PATTERN Cited by 1 source
Stealth crawler detection fingerprint¶
Shape¶
When a crawler operator evades identity-layer enforcement (UA spoofing, IP rotation, ASN rotation), build an ML classifier over content-independent request features that produces a stable detection signature the attacker cannot cheaply rotate around. Ship the signature as a customer-deployable block rule.
Structural steps¶
- Collect labels. Use controlled-experiment traces (patterns/brand-new-domain-experiment), cooperative- crawler declarations, honeypot domains, and retrospective analysis of customer complaints to produce positive and negative examples of the stealth operator's traffic.
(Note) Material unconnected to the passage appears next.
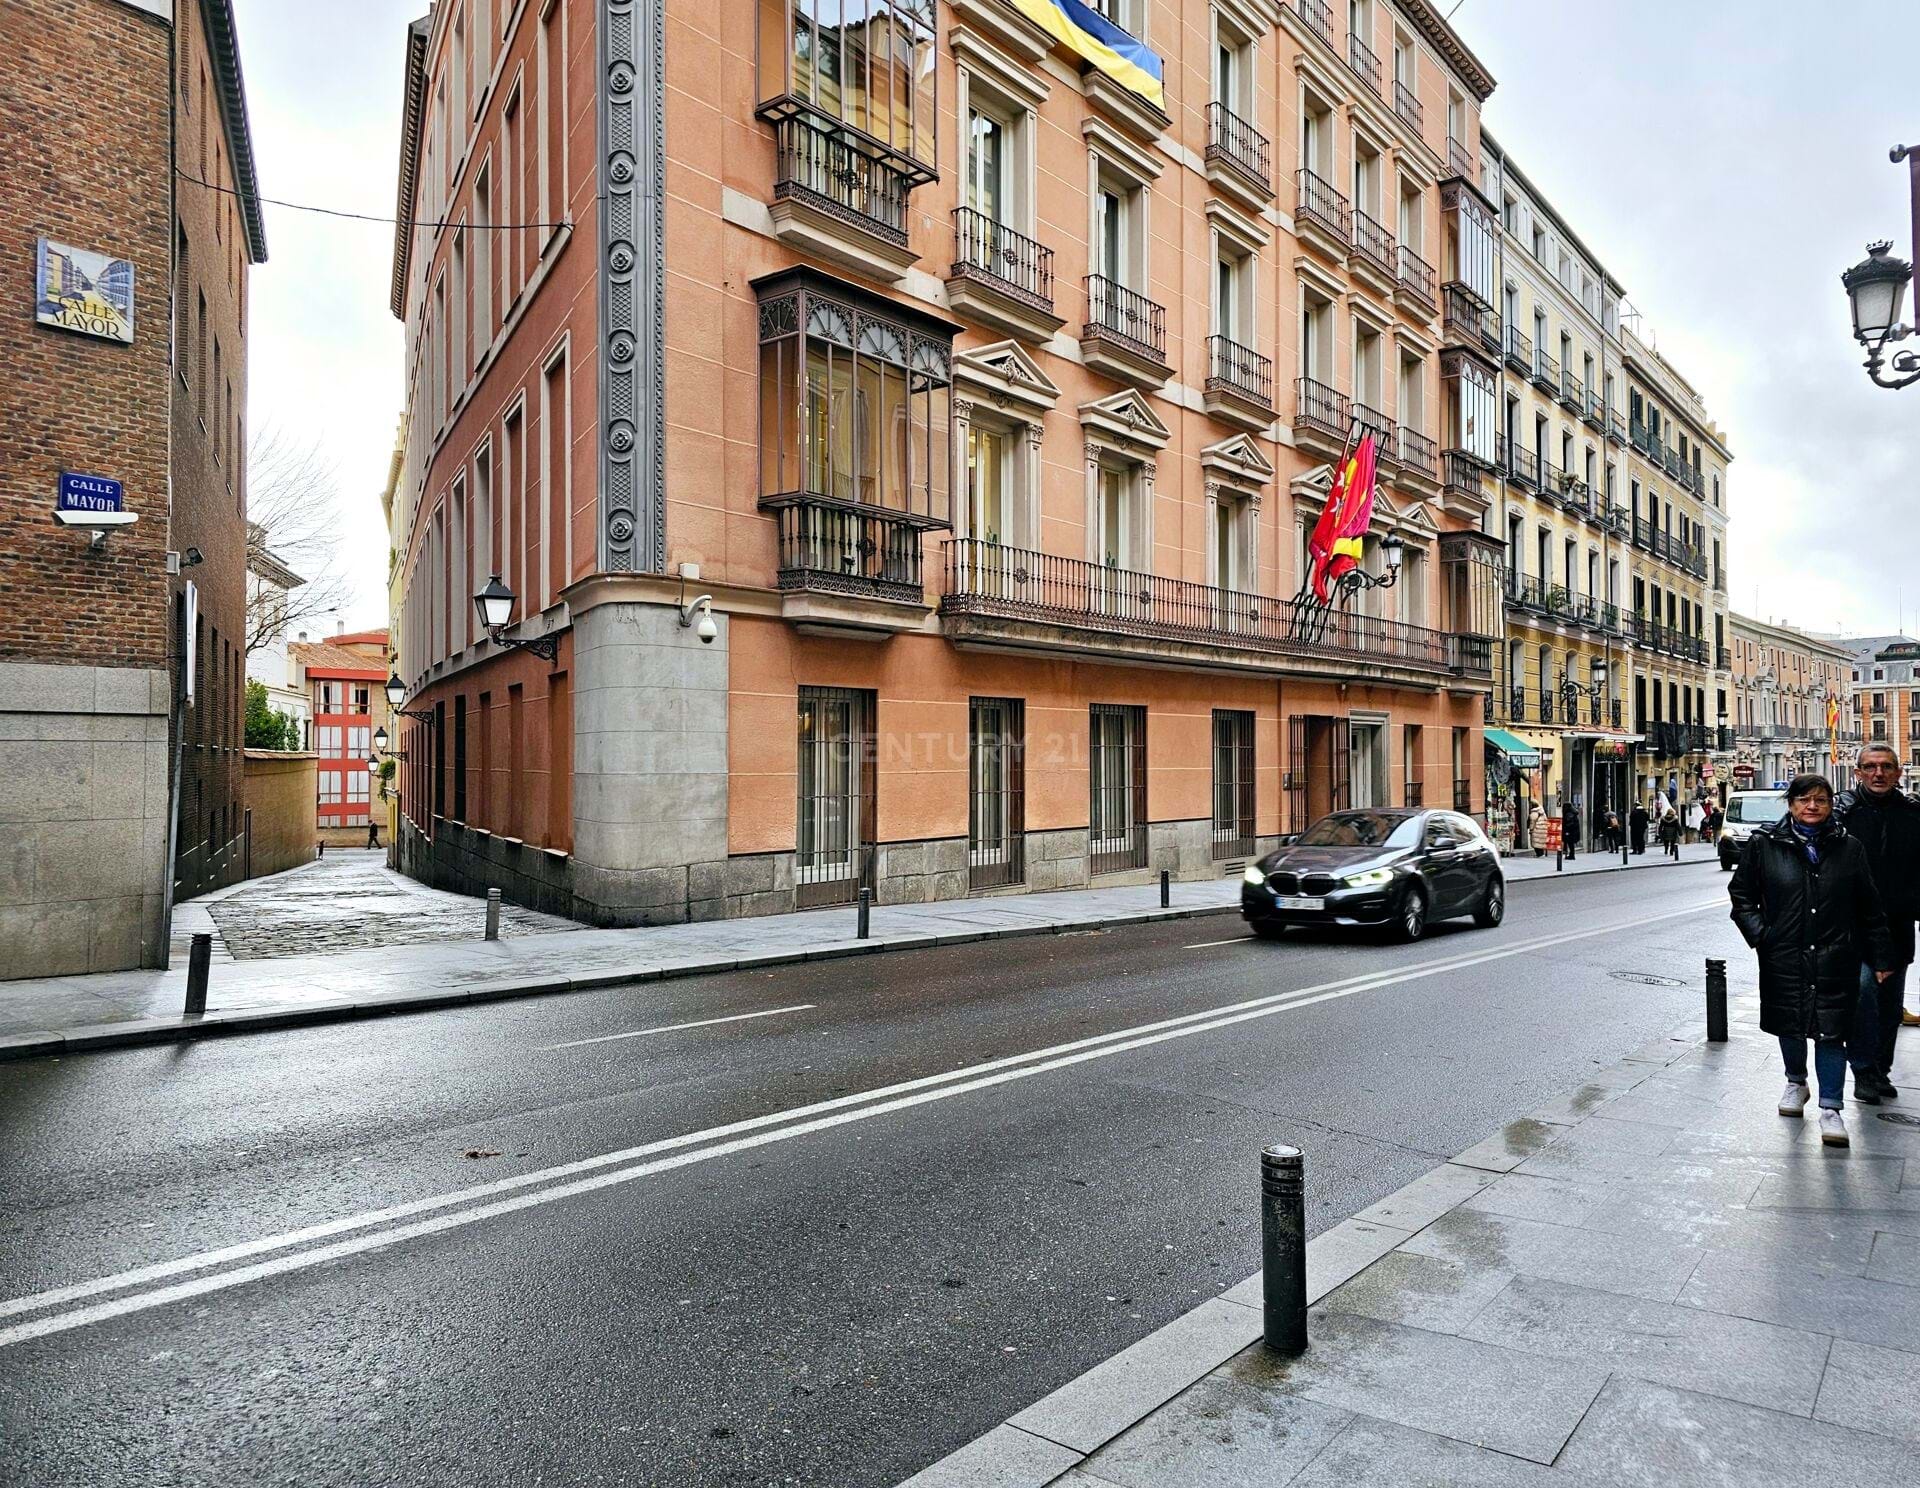  Madrid Community of Madrid

- Feature engineering over network-level signals. TLS fingerprints (JA3 / JA4), HTTP/2 frame ordering, request timing distributions, IP reputation, ASN shape across a session, cross-domain request-graph patterns. Avoid features the attacker controls cheaply (UA, referer, cookie values).
- Train a classifier. Typical choice: gradient-boosted trees on request-level features producing a bot score; the inference is fast enough to run in the edge request path.
- Validate against retention of the detection under known evasion tactics — retrain when the attacker rotates features.
- Ship as a managed rule ( Cloudflare-managed rule) so customers get the protection without building their own ML stack.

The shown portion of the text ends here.